Pure triethylaluminum, diethylaluminum hydride, diethylaluminum bromide, and diethylaluminum ethoxide, synthesized by known procedures \((^{3,4,9})\) and dissolved in cyclohexane, were titrated with quinoline potentiometrically in a cell with silver and platinum electrodes, or conductometrically in a cell with unplatinized plate platinum electrodes. The titration was carried out in an inert-gas atmosphere. For measuring the e.m.f. in potentiometric titration, an LP-5 potentiometer was used; in conductometric titration, the cell was supplied with direct current* from a source with a voltage of 1.5 to 30 V; the current was measured with a microammeter or with a mirror galvanometer of the M-21 type.

* Because of the high internal resistance of the cell (0.1–1 MΩ), the current was small, and electrode polarization could be neglected.

The character of the conductometric titration curves of the individual substances (Fig. 1) shows that quinoline with triethylaluminum forms the electrically conducting complex $\mathrm{Al(C_2H_5)_3 \cdot C_9H_7N}$, with diethylaluminum bromide—the electrically conducting complex $\mathrm{Al(C_2H_5)_2Br \cdot C_9H_7N}$, and with diethylaluminum

Fig. 2. Conductometric titration of a mixture containing $\mathrm{Al(C_2H_5)_3}$, $\mathrm{Al(C_2H_5)_2Br}$, $\mathrm{Al(C_2H_5)_2H}$, $\mathrm{Al(C_2H_5)_2OC_2H_5}$

Fig. 3. Potentiometric titration of a mixture containing $\mathrm{Al(C_2H_5)_3}$, $\mathrm{Al(C_2H_5)_2Br}$, $\mathrm{Al(C_2H_5)_2H}$, $\mathrm{Al(C_2H_5)_2OC_2H_5}$

hydride—the complex $\mathrm{Al(C_2H_5)_2H \cdot C_9H_7N}$, which is not electrically conducting, and the complex $\mathrm{Al(C_2H_5)_2H \cdot 2C_9H_7N}$, which has considerable electrical conductivity. Diethylaluminum ethoxide does not form complexes with quinoline.

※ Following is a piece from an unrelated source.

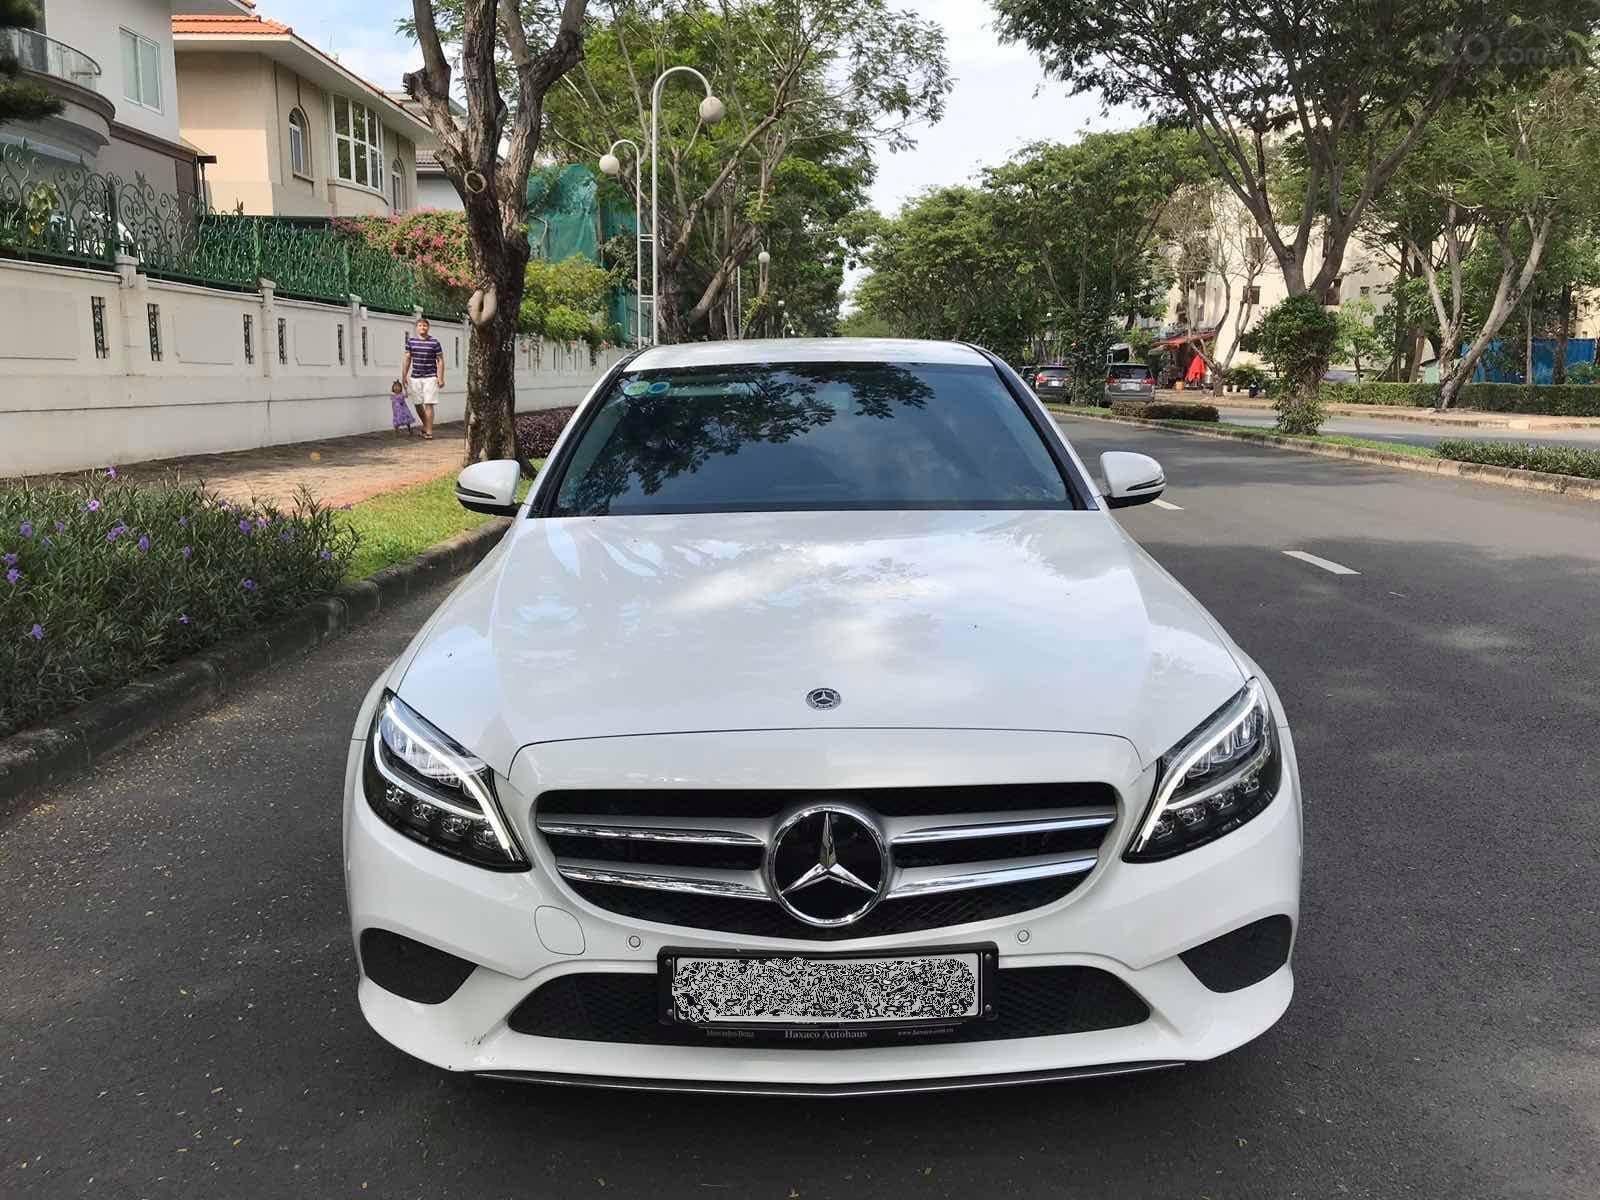 Cần bán gấp Mercedes-Benz C200 class đăng ký lần đầu 2019, màu trắng xe gia đình giá 1 tỷ 420 triệu đồng (1)

Fig. 4. Potentiometric titration of an equimolecular mixture $\mathrm{Al(C_2H_5)_2Cl + AlC_2H_5Cl_2}$

In the course of the study, the complex compound $\mathrm{Al(C_2H_5)_2Br \cdot C_9H_7N}$, not previously described, was isolated; it crystallizes from cyclohexane in the form of colorless needles with m.p. $45^\circ$.

Potentiometric titration confirms the results obtained conductometrically, and the jump in emf at the singular points is expressed much more sharply than the maxima of electrical conductivity.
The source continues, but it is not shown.